(Beginning of DATA PROVIDED)

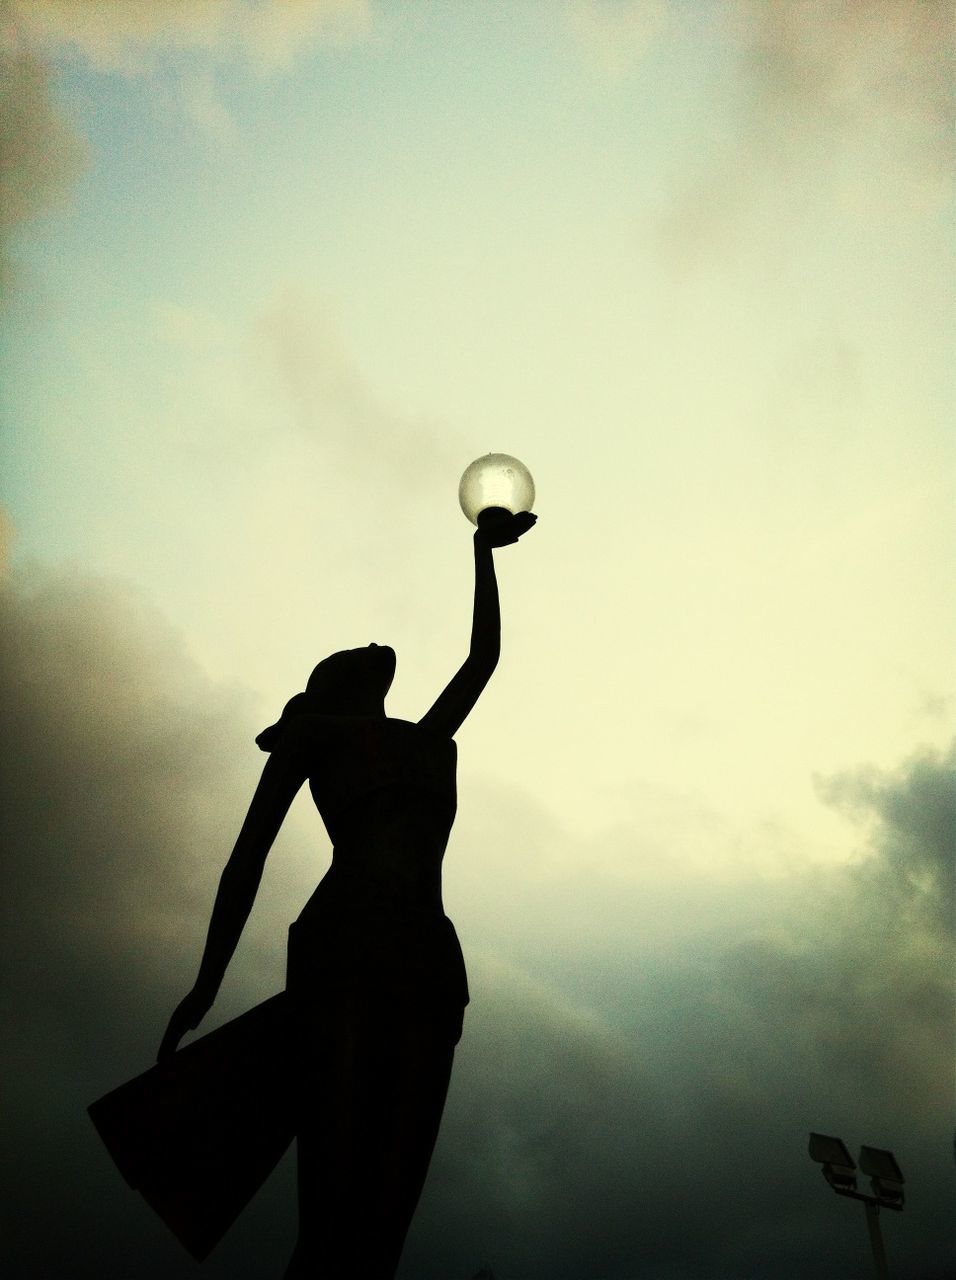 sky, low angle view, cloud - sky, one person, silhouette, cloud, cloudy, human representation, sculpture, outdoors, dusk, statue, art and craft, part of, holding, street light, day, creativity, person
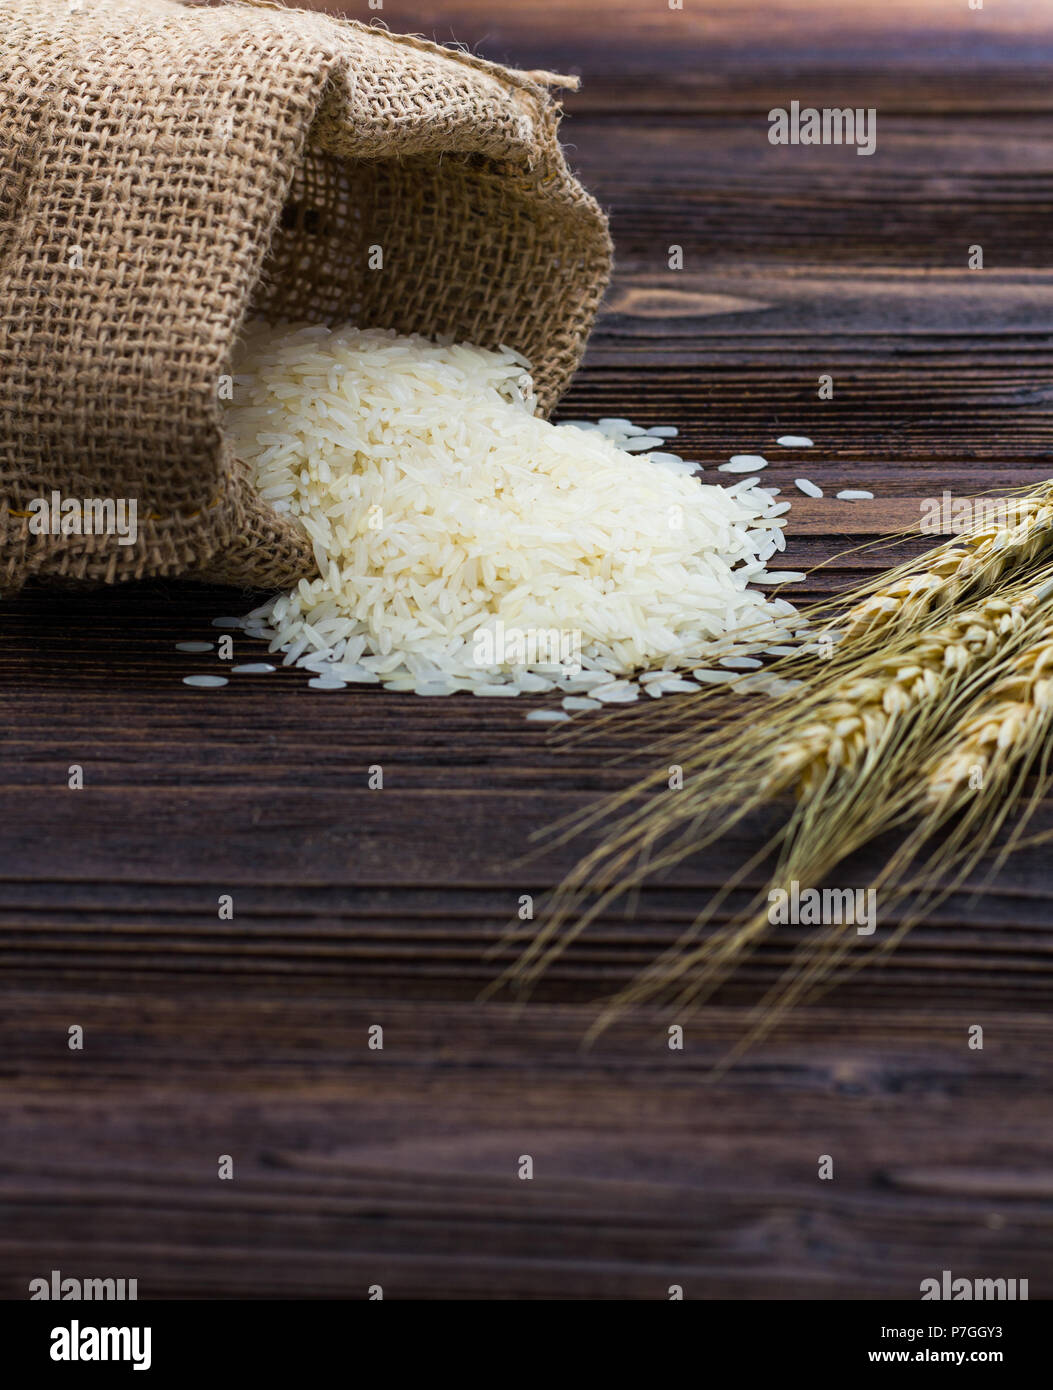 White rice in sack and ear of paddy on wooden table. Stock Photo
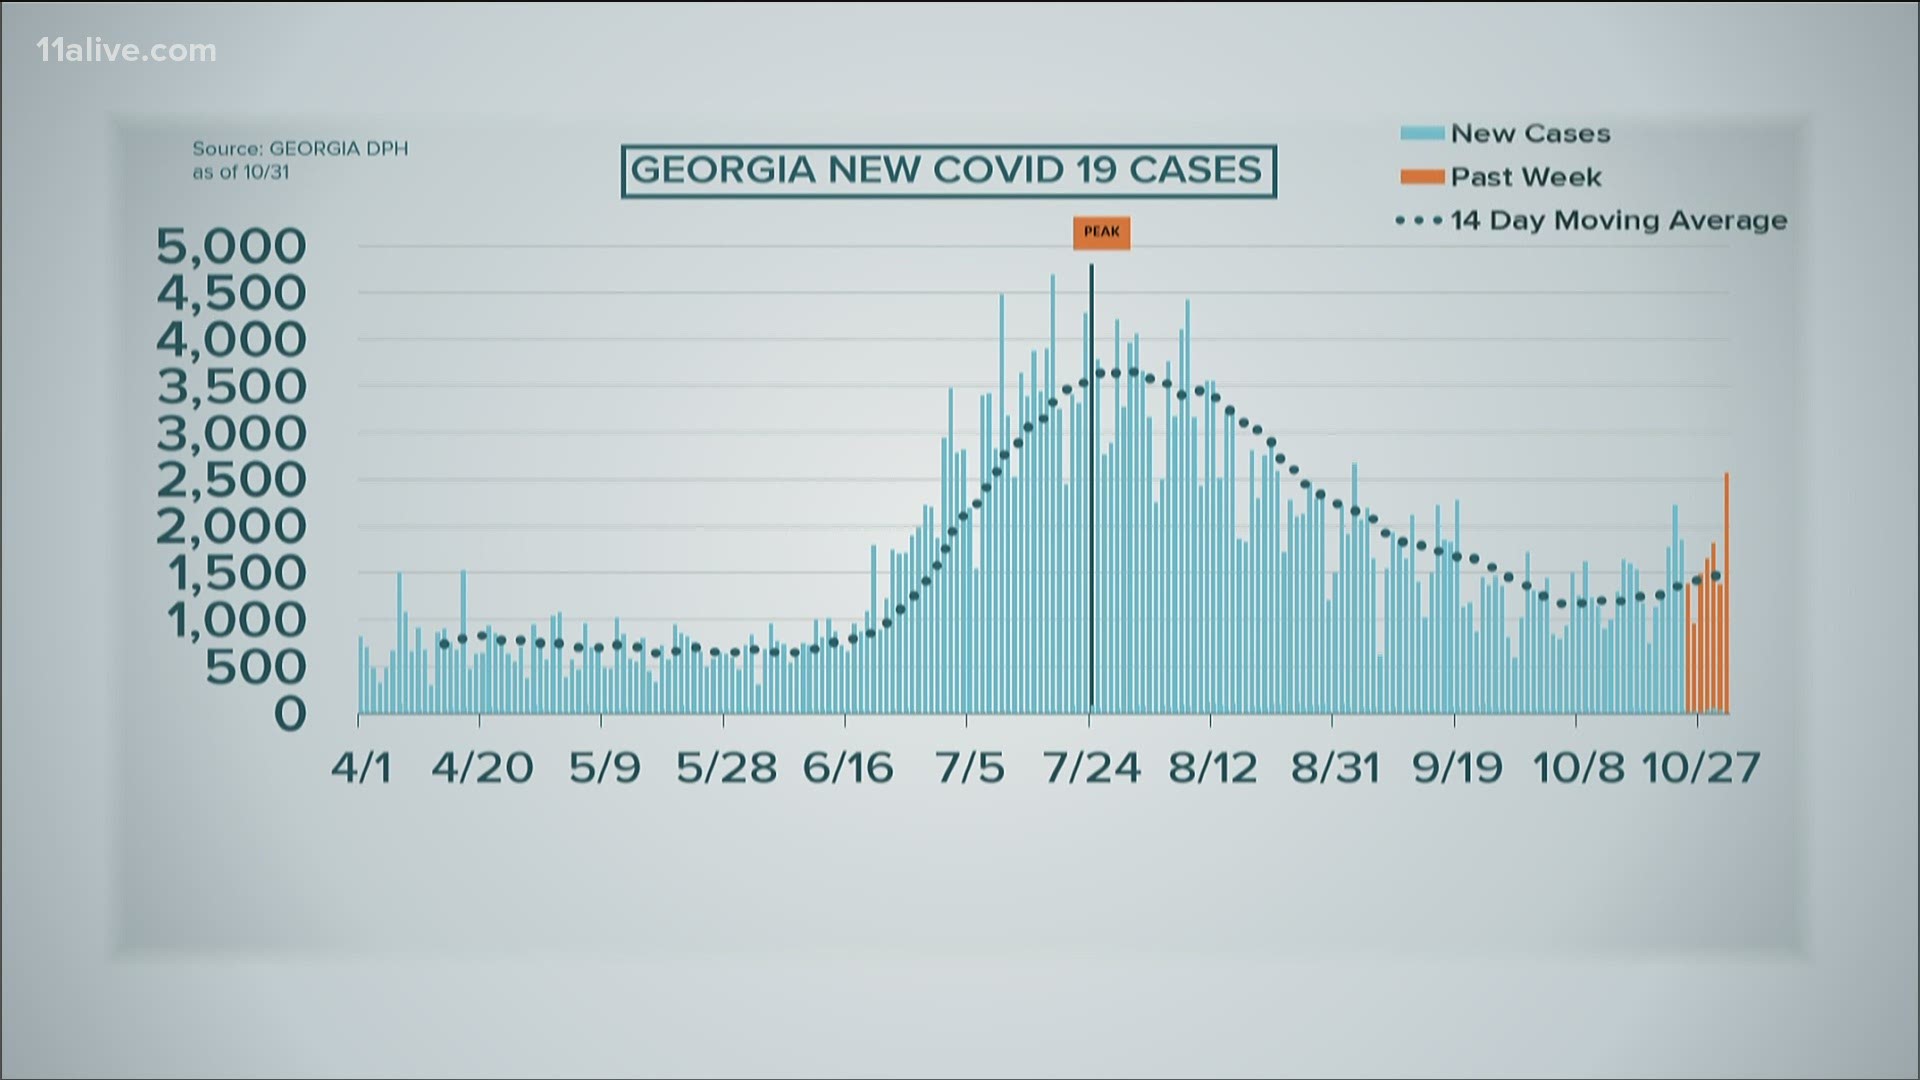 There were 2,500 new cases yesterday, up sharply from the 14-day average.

(End of DATA PROVIDED)

=== THE PROBLEM ===
Retype the data shown above exactly, excluding any picture it contains.

=== RESULT FOR THIS EXERCISE ===
 sky, low angle view, cloud - sky, one person, silhouette, cloud, cloudy, human representation, sculpture, outdoors, dusk, statue, art and craft, part of, holding, street light, day, creativity, person
 White rice in sack and ear of paddy on wooden table. Stock Photo
 There were 2,500 new cases yesterday, up sharply from the 14-day average.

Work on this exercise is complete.